Mari's journey was long, from Stepanakert to Goris, then to Vanadzor (the 3rd largest city of Armenia), where she gave birth to Gabriella on October 24, 2023, giving the girl the name Gabriella, fulfilling her sons' wish. Though the delivery passed normally, Gabriella is very weak and often has health issues. "The doctors say her weak condition stems from the lack of proper nutrition during my pregnancy in Artsakh. She's been sick often; recently, we were in the Arabkir hospital, where they put her on artificial respiration, but thank God, she got better. Now all my children are taking vitamins. Even now we are facing the consequences of the nine-month blockade," Mari explains, recalling the memories when the only corridor uniting Armenia with Nagorno Karabakh was closed and the difficulties they faced while moving to Armenia.

"I will never forget those days… also the gasoline tank explosion where my uncle died… how we divided tea with a tiny bit of sugar in it into several portions so that the children could at least have  something sweet... the boiled potatoes that we kept for children to eat on the way, and how they got spoiled... we didn't have anything to eat for two days until we reached Goris," she recalls.

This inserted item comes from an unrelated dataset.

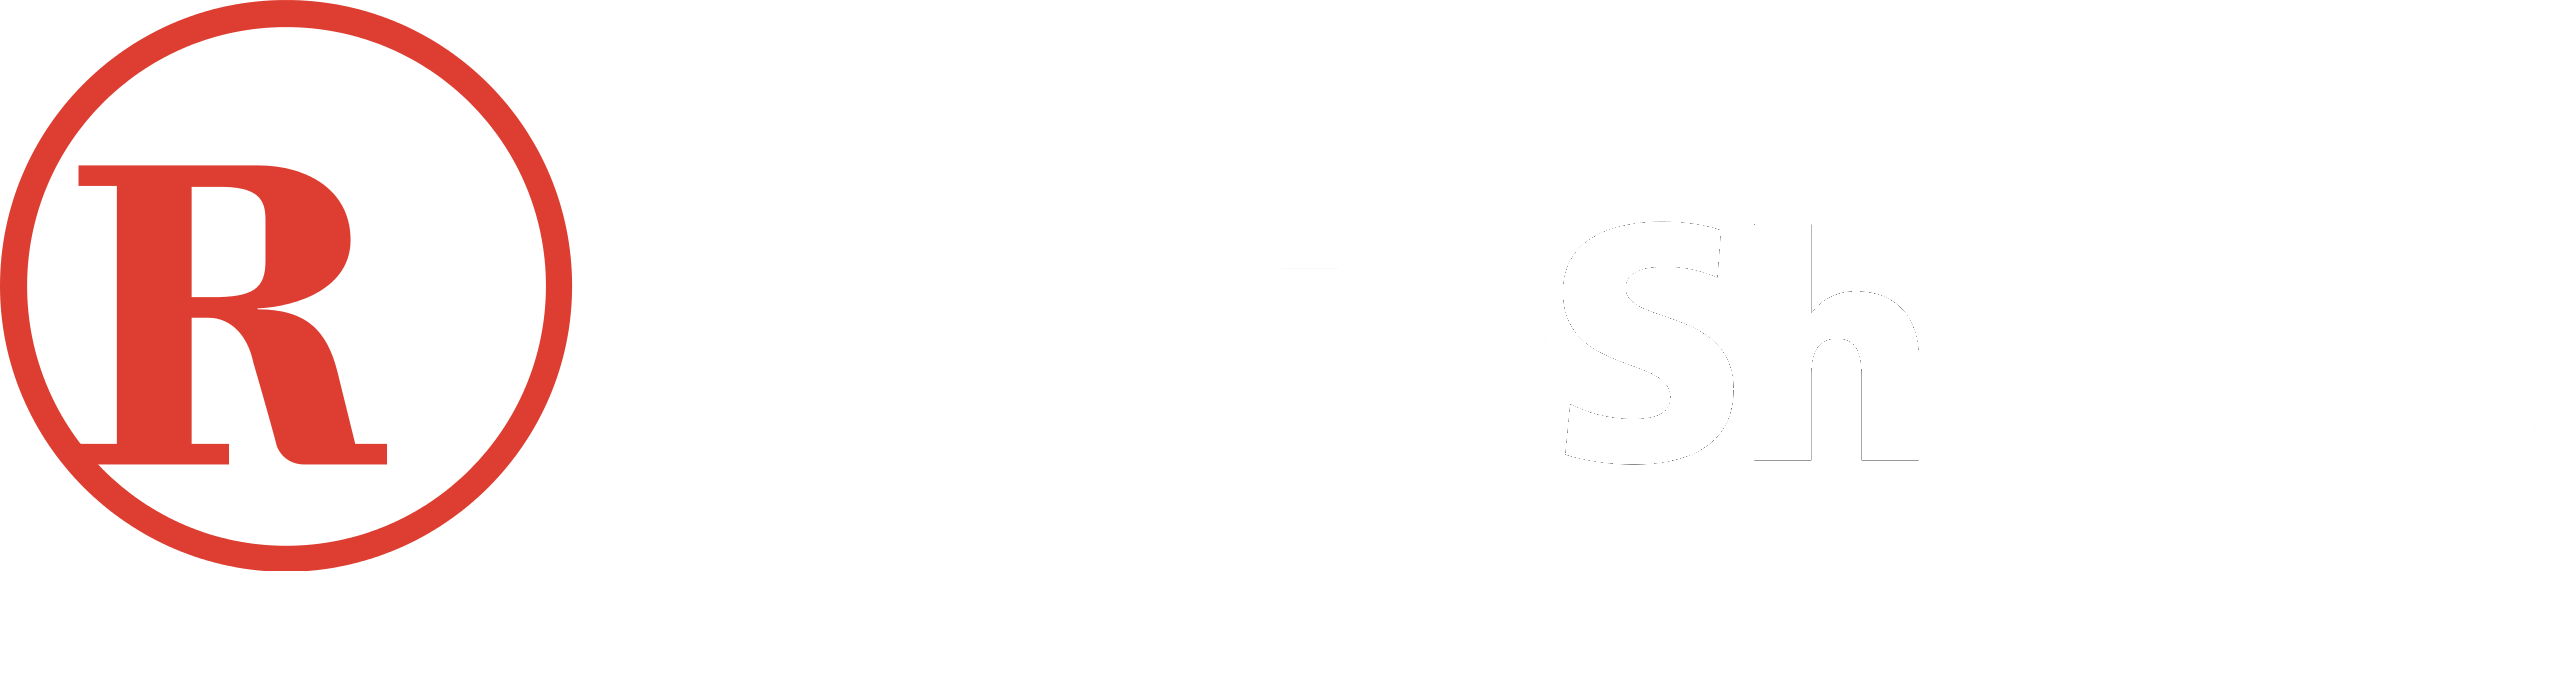 RadioShack of Bozeman

It has already been two months since Mari moved to Abovyan with her husband, three children, mother-in-law, and sister-in-law. The large family settled in a one-bedroom house. At the moment, only her sister-in-law has a job, working in the hospital as a nurse, and the only way to pay the rent and utilities is through state support. "The rent is very high; we pay two hundred thousand drams (around 500 USD) every month for this empty house, and if the help provided by the state ends one day, I don't know what we will do. We didn't bring anything with us, leaving behind two houses with everything, equipment, and furniture… what you see here was either donated by kind people, or we tried to buy it from the secondary market..."

Mari's husband had left his driver's license in Nagorno Karabakh. "Now my husband is taking a driving test to restore his license. We have a car; maybe he will drive a taxi to earn money."

Mari says that the children are adapting little by little to the new place.

"We were lucky that in my eldest son's class, there is a boy from Artsakh with whom he studied in the same class. Thanks to that boy, he started to go to school with great love; he got used to this new place very quickly. The school personnel, teachers, welcomed us very warmly; they are very attentive to us, and my youngest son also goes to kindergarten," says Mari.

The plans for the future are very uncertain, though. "If we manage to have our own house here, a main place to live, we will stay here and will raise our children. When Gabi gets a little older, I'll work too...", Mari says, and takes down from a wardrobe her carefully kept viola, in a slightly dusty case; she has been playing it since she was five years old.

Mari was one of the musicians of the Chamber Orchestra in Nagorno Karabakh. "My mother brought my viola with her from Artsakh. I tell everyone that it's my first child, and my eldest son becomes jealous (smiles)... It's a little damaged now, but we have a specialist here, and he'll fix it. Playing is my passion, also the means to earn a living. But now I am not ready to play, I don't even want to play; I don't even like music at home now… but one day I will definitely start playing again."